“Senza contorni, senza fine, e
forse senza forma … sta succedendo qualcosa dentro di me, ma non capisco cosa.”
Rywka Lipszyc (si legge “Rifka Lipsciz”) cominciò a scrivere l’unico
volume superstite dei suoi diari nel ghetto di Łódź, poco dopo aver compiuto 14
anni. Nel giro di 6 mesi, dall’ottobre del 1943 all’aprile del 1944, riempì più
di cento pagine, poi all’improvviso smise. Un anno dopo, una dottoressa
sovietica entrata ad Auschwitz-Birkenau, insieme all’Armata Rossa, trovò il
diario accanto alle macerie del forno crematorio. Il percorso del diario sembra
suggerirci che Rywka abbia trovato la morte nel campo di concentramento, ma non
rimarrà una delle tante vittime senza nome dell’Olocausto, poiché le sue parole
vivranno per sempre.
Il suo diario ha affrontato una storia particolare. La dottoressa che
lo ha rinvenuto accanto ai forni crematori lo ha custodito per sessant’anni
nella Siberia occidentale fino al momento della sua morte quando i suoi effetti
personali passarono al figlio e alla morte di quest’ultimo alla moglie. Nel 1995
il diario giunge nelle mani di Anastasia, una discendente. Anastasia lo legge e
ne intuisce lo straordinario valore. Decide di portarlo a San Francisco, dove è
emigrata nel 1991. Negli anni seguenti si mette in cerca dell’istituzione più
adatta cui consegnare questa straordinaria testimonianza.

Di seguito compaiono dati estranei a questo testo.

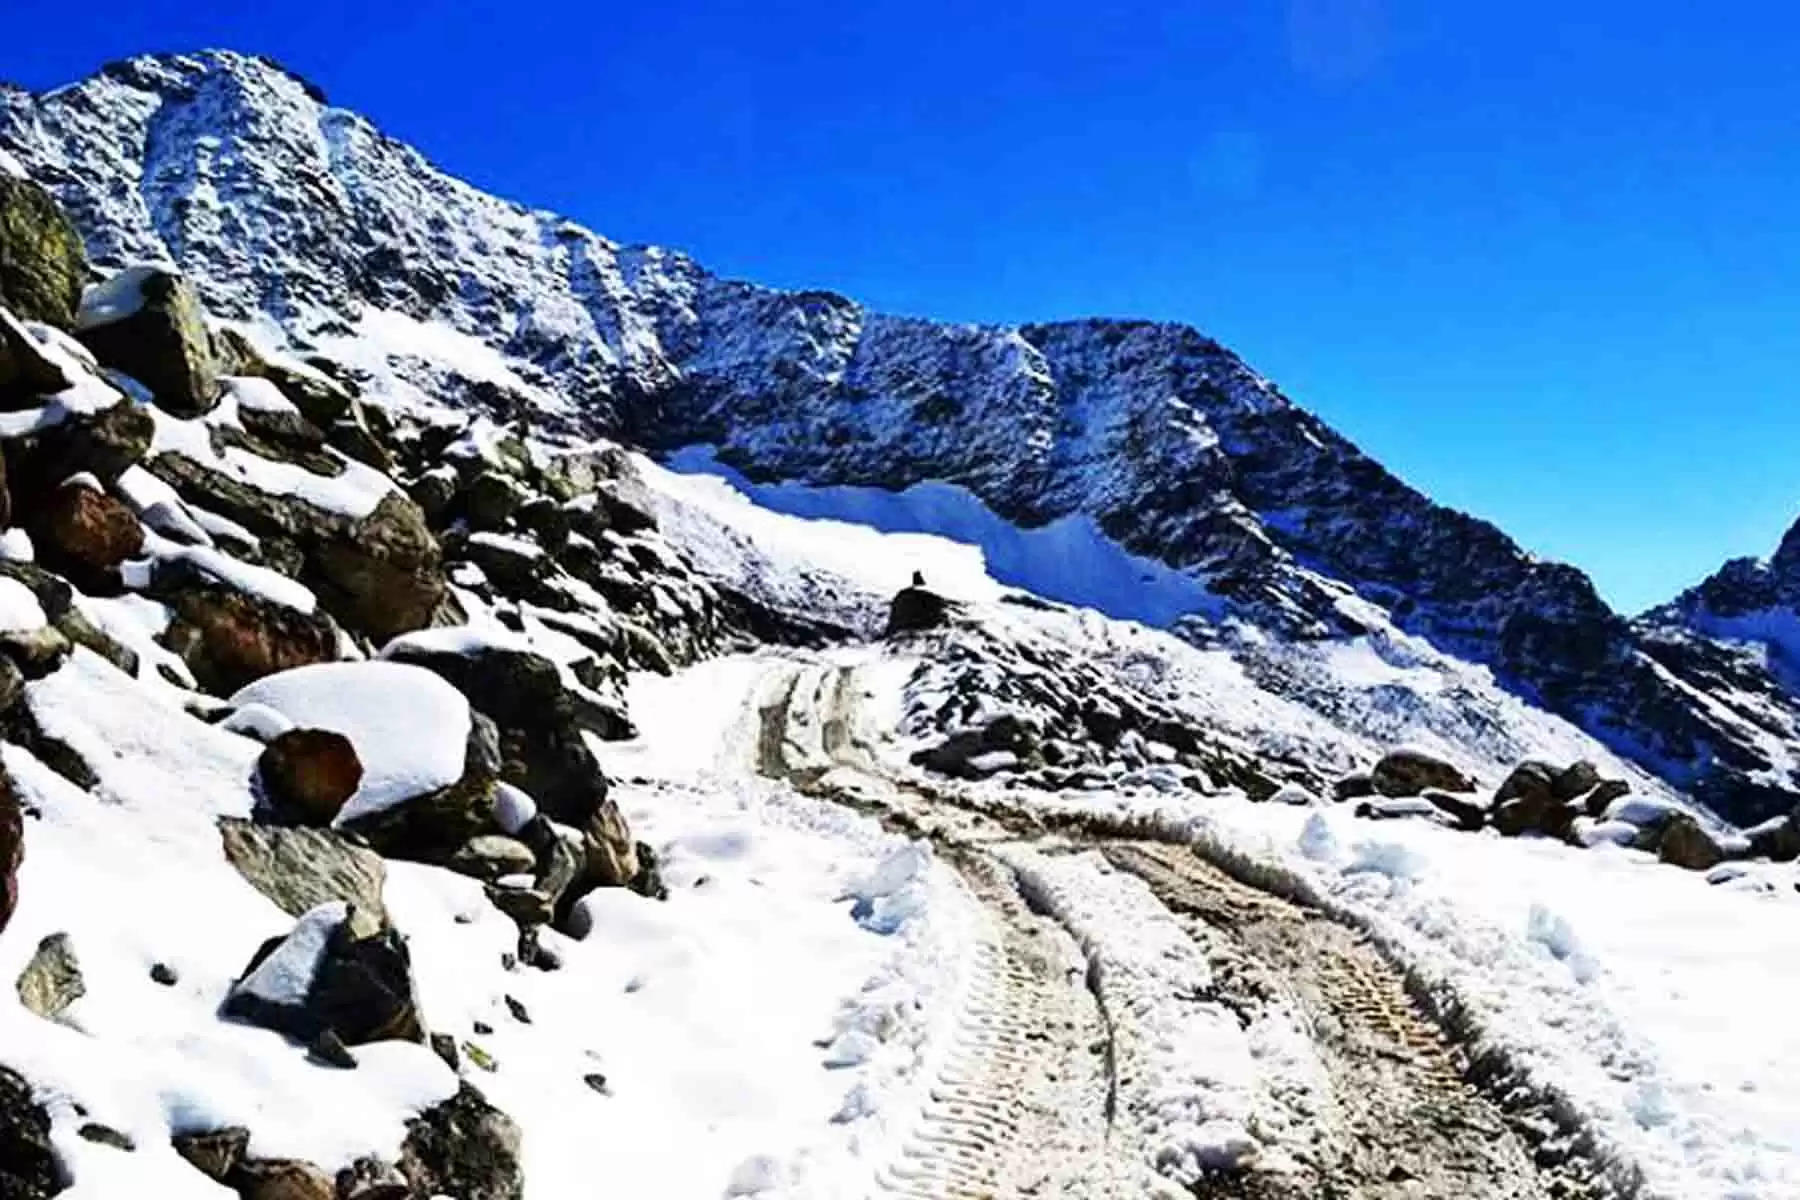 अक्तूबर माह में बर्फबारी होने के कारण जनजातीय क्षेत्र पांगी घाटी को जिला मुख्यालय चम्बा से जोड़ने वाला वाला चम्बा किलाड बाया साच पास मार्ग बंद हो गया था।

Zinaida Berezovskaya, medico che trovò il diario |
Nel 2008 Anastasia lo consegna al Centro per l'Olocausto del nord
California e del Brooklyn College che, stabilitane l'autenticità, decide di assicurare
la sopravvivenza del testo originale e due anni dopo il diario viene tradotto
in inglese, corredato dagli interventi di importanti studiosi, integrato con le
testimonianze di due cugine di Rywka e con il resoconto delle ricerche compiute
sulla sorte dell’autrice dopo il ritrovamento del diario.
Dietro
la pubblicazione di questo preziosissimo volumetto, c’è un lungo lavoro
storiografico che ricostruisce le vicende storiche e biografiche della
protagonista.
Il suo diario, che rimane bruscamente in sospeso, come se Rywka fosse
stata interrotta mentre lo scriveva, non ci offre soltanto uno sguardo
privilegiato sulla vita quotidiana nel ghetto, ma soprattutto la storia
personale e la lotta di una ragazza costretta a crescere orfana di entrambi i
genitori, occupandosi delle sorelle, in una situazione di totale povertà e oppressione.
Per la ragazza, il diario è l’unico conforto, uno strumento di salvezza,
che simboleggia agli occhi del mondo l’ineluttabilità del suo destino.
Nonostante tutto quello che le succede, Rywka non perde la fede,
nemmeno negli ultimi giorni, perché è una delle poche cose che i suoi genitori,
prima delle loro premature morti, hanno avuto il tempo di trasmetterle.